Tuesday, August 28, 2007
A federal district court in Arizona has preliminarily enjoined the enforcement of the Arizona business combination statute and control share statute with respect to Roche Holding AG's hostile bid for Ventana Medical Systems Inc. (see the opinion here). This is the first court since the 1980s to hold a state anti-takeover statute invalid under commerce clause grounds (remember CTS and MITE from law school?).

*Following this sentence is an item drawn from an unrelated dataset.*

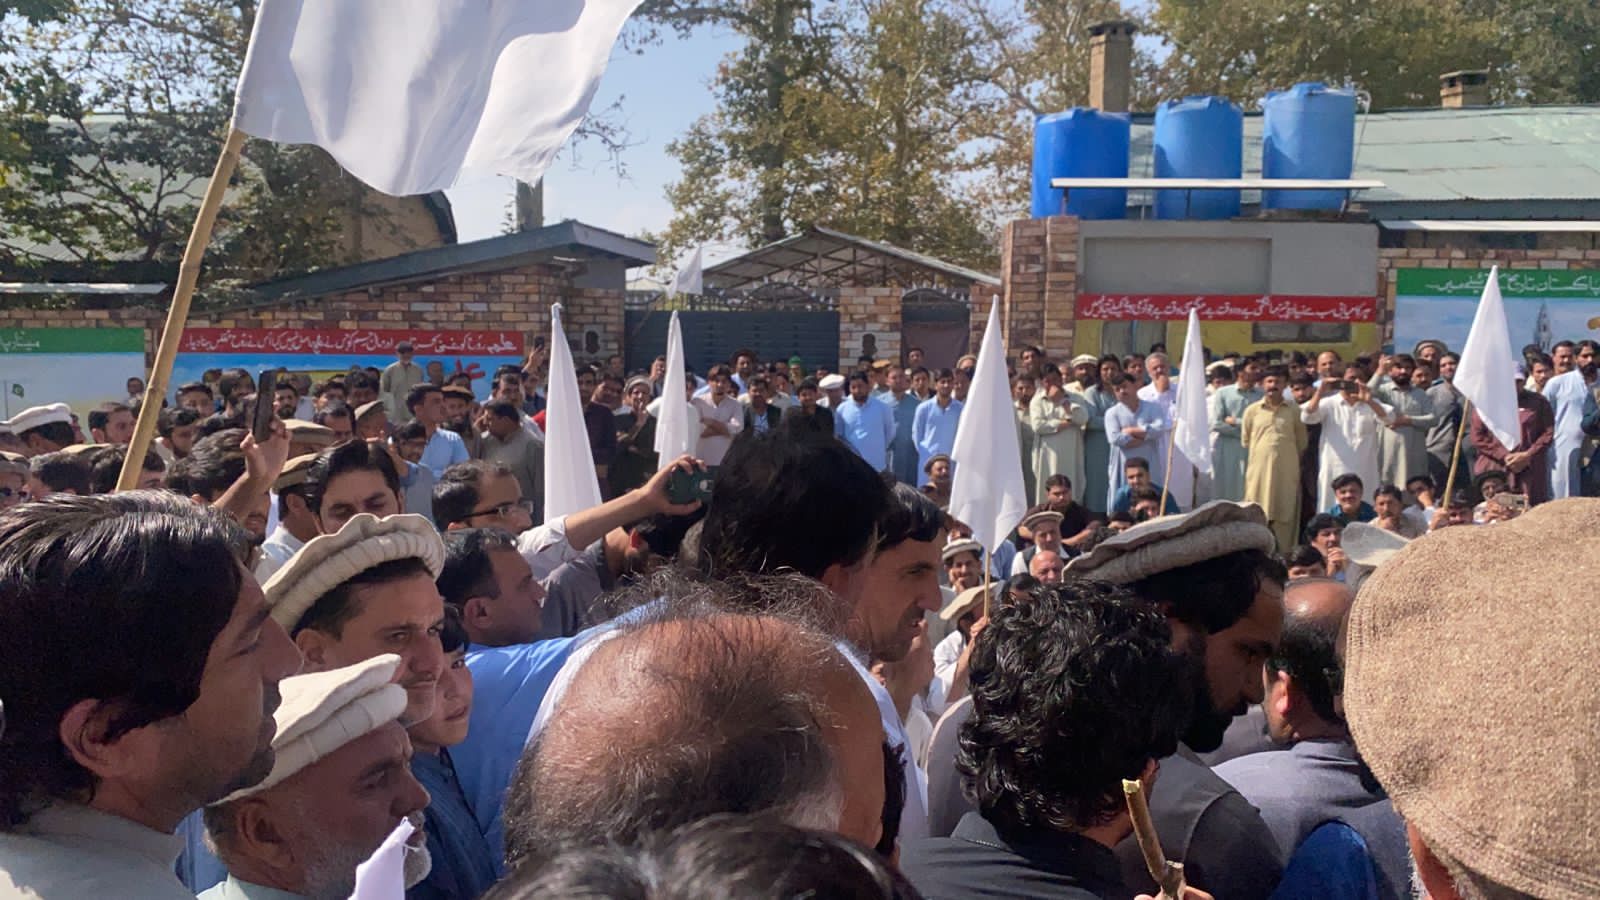 KPK Kurram Agency Protest 
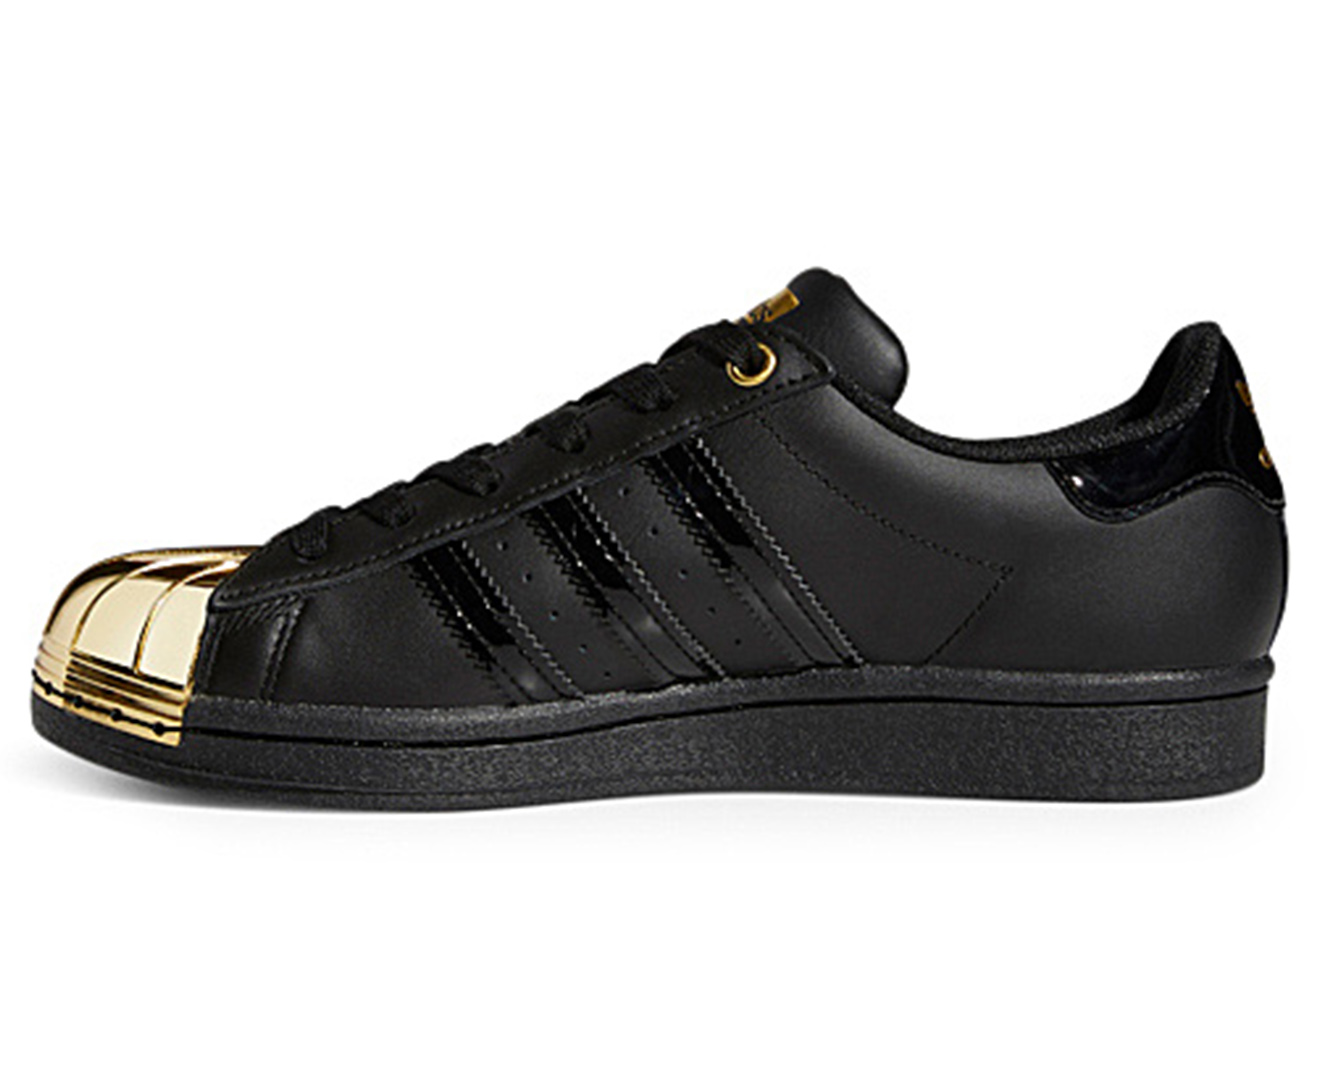 Adidas Originals Women's Superstar Metal Toe Sneakers - Black/Gold ...

In this case, Ventana was incorporated in Delaware but headquartered in Arizona and had substantial assets in that state. Arizona's third generation anti-takeover law, the Arizona Anti-Takeover Act, purports to cover Ventana since it has a substantial presence in the state. Roche sued in federal district court to have it declared unconstitutional and requested that enforcement of the statute be preliminarily enjoined. In granting this motion, the federal court found Roche to have a substantial likelihood of success on the merits because the statute applied to corporations organized under laws of states other than Arizona. Here the Court found that:
there is strong authority demonstrating that the Arizona statutes violate the Commerce Clause because the burden on interstate commerce “is clearly excessive in relation to the putative local benefits” to Arizona. In this case the burden on interstate commerce created by the broad application of Arizona statues includes the frustration and regulation generated by a tender offer made to a foreign corporation, such as Defendant. While Arizona clearly has an interest in protecting businesses that have significant contacts with Arizona, such as Defendant, Arizona clearly has “no interest in protecting nonresident shareholders of nonresident corporations.” In balancing such competing interests, the interference with interstate commerce created by the regulation of a foreign corporation controls. The instant case, based upon the Arizona statutes and their application to foreign corporations, is no different than the cases presented above as the Arizona statutes, while protecting businesses with significant contacts with Arizona, unreasonably interfere with interstate commerce based upon the regulation of businesses that are not incorporated in Arizona.
(citations omitted). The Court distinguished the Supreme Court's decision in CTS on the following grounds:
In CTS Corp., the Supreme Court upheld the constitutionality of Indiana’s Control Share Acquisition statute, which would impact the voting rights of an acquiring corporation in the event of a takeover of a target corporation, largely because the Indiana statute applied only to corporations organized under the laws of Indiana.
Thus, the difference for the Court here was the situs of incorporation for Ventana outsdie the state of Arizona. This opinion is therefore a strong statement in support of the internal affairs doctrine and should make life easier for M&A lawyers by more strictly confining the application of state takeover laws to companies organized in the state of their origin (although other federal cases from the '80s have held similarly - nice to know we are not going the other way though). And for those who engage in the race-to-the-bottom/race-to-the-top state corporate law debate, the case is a probably a good example of the need for a mediating and trumping federal presence in this debate. Here, I'll relate the historical tidbit that the Arizona Anti-takeover Law was initially proposed in 1987 by officials of Greyhound Corporation who claimed that they were the target of a hostile takeover.
Nonetheless, Ventana still can rely on its Delaware defenses including that state's business combination statute (DGCL 203) and the poison pill it has adopted. To be continued.
Thanks to Steven Haas for informing me of this decision.